Early diagnosis of lung fibrosis has been hampered by the lack of a simple, convenient and specific method. Recently Rohde et al. developed an assay method for Type III procollagen peptide. Type III procollagen peptide, an extension peptide released during the biosynthesis of collagen Type III, has been known as a good marker for hepatic fibrosis. Therefore, we applied this assay to the patients with idiopathic pulmonary fibrosis, lung fibrosis in collagen disease and silicosis. And also we measured the serum level of the peptide in the healthy workers being exposed to silica. Normal value of the peptide in adults was 8.3 +/- 2.6 (mean +/- SD; n = 32) ng/ml. The upper value over mean + 2SD, 13.4 ng/ml, was regarded as abnormal value.
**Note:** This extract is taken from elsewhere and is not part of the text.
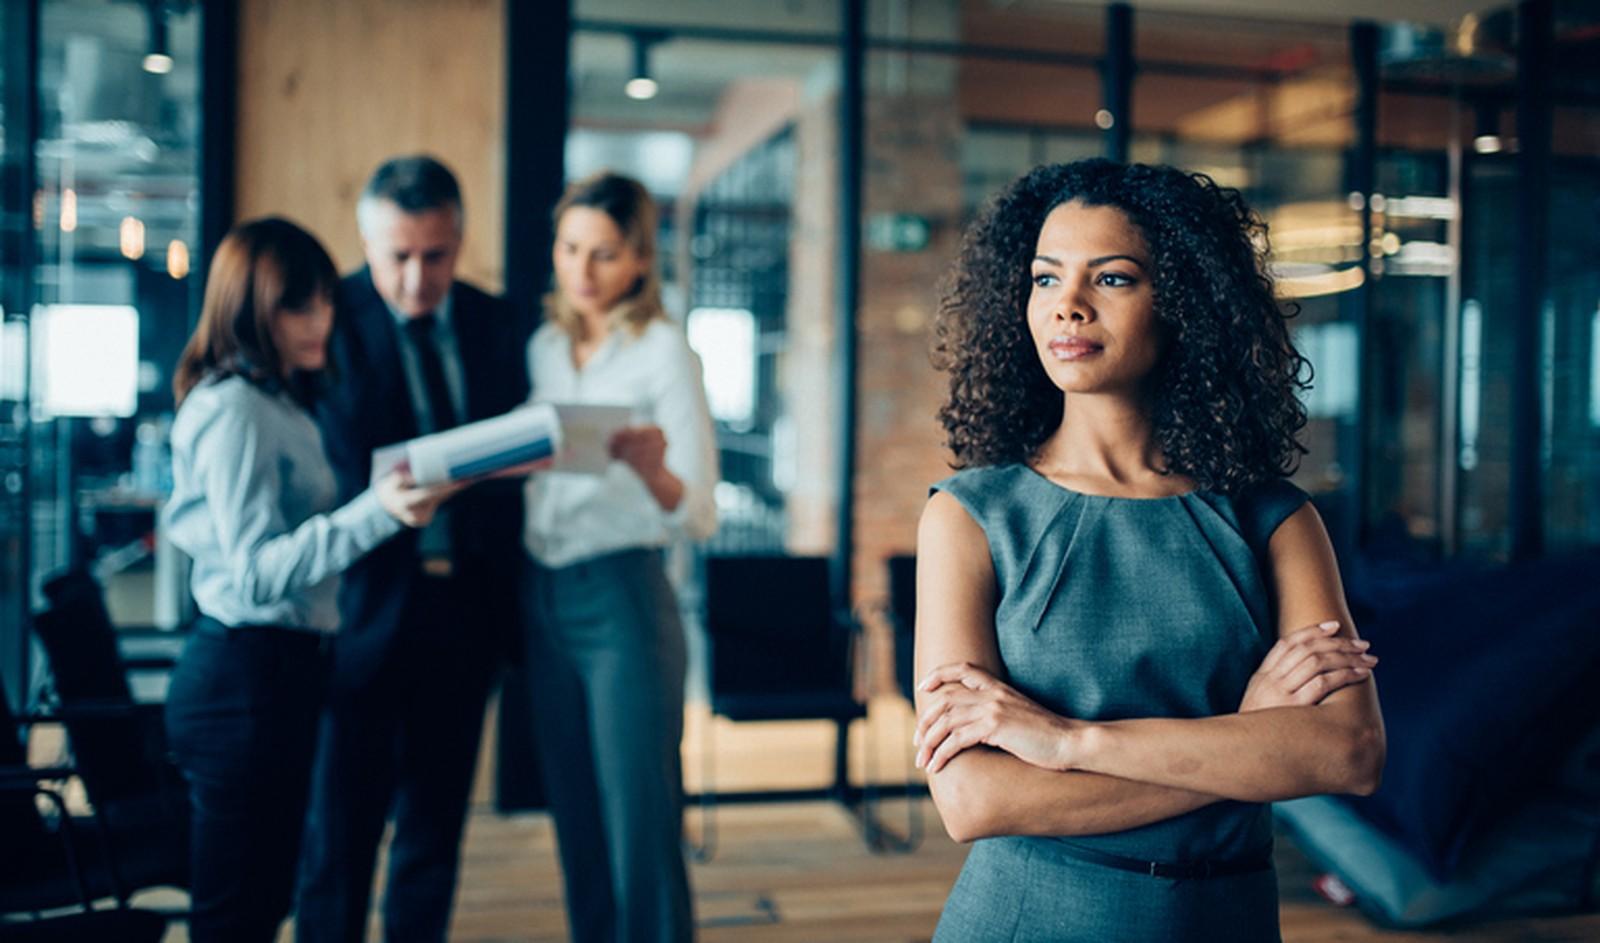 Empresas lideradas por mulheres na América Latina têm 50% mais chances de crescer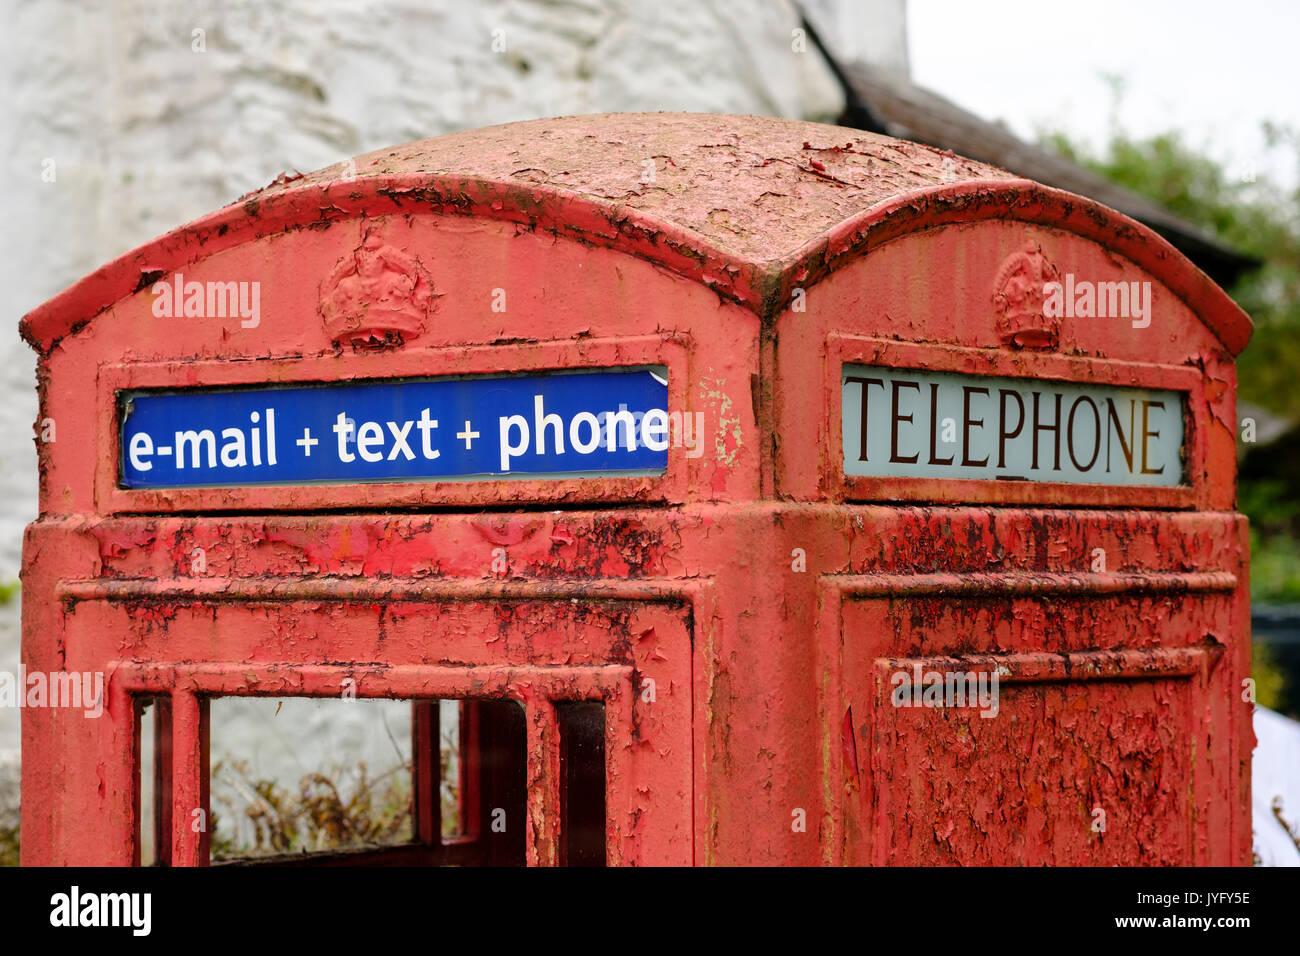 Vieux téléphone rouge avec l'écriture cellulaire e-mail + téléphone + texte, St Neot, Bodmin Moor, Cornwall, Angleterre, Royaume-Uni Photo Stock

Six patients with idiopathic pulmonary fibrosis, and lung fibrosis in collagen disease showed a significant increased level of 19.0 +/- 9.6 ng/ml (P less than 0.02). Four of 6 patients had abnormal high values. On the other hand, the patients with silicosis had not so high levels of peptide (12.6 +/- 6.5 ng/ml; n = 24; P less than 0.01), but 25% of the patients showed abnormal values. There were 2 cases among 19 healthy workers being exposed to silica who revealed slight abnormal values, 15.6 and 16.7 ng/ml. These observations suggest that the assay has a prognostic value for lung fibrosis and also is useful for the early detection of active lung fibrosis in the workers, even though Type III procollagen biosynthesis is already low in the late stages of silicosis.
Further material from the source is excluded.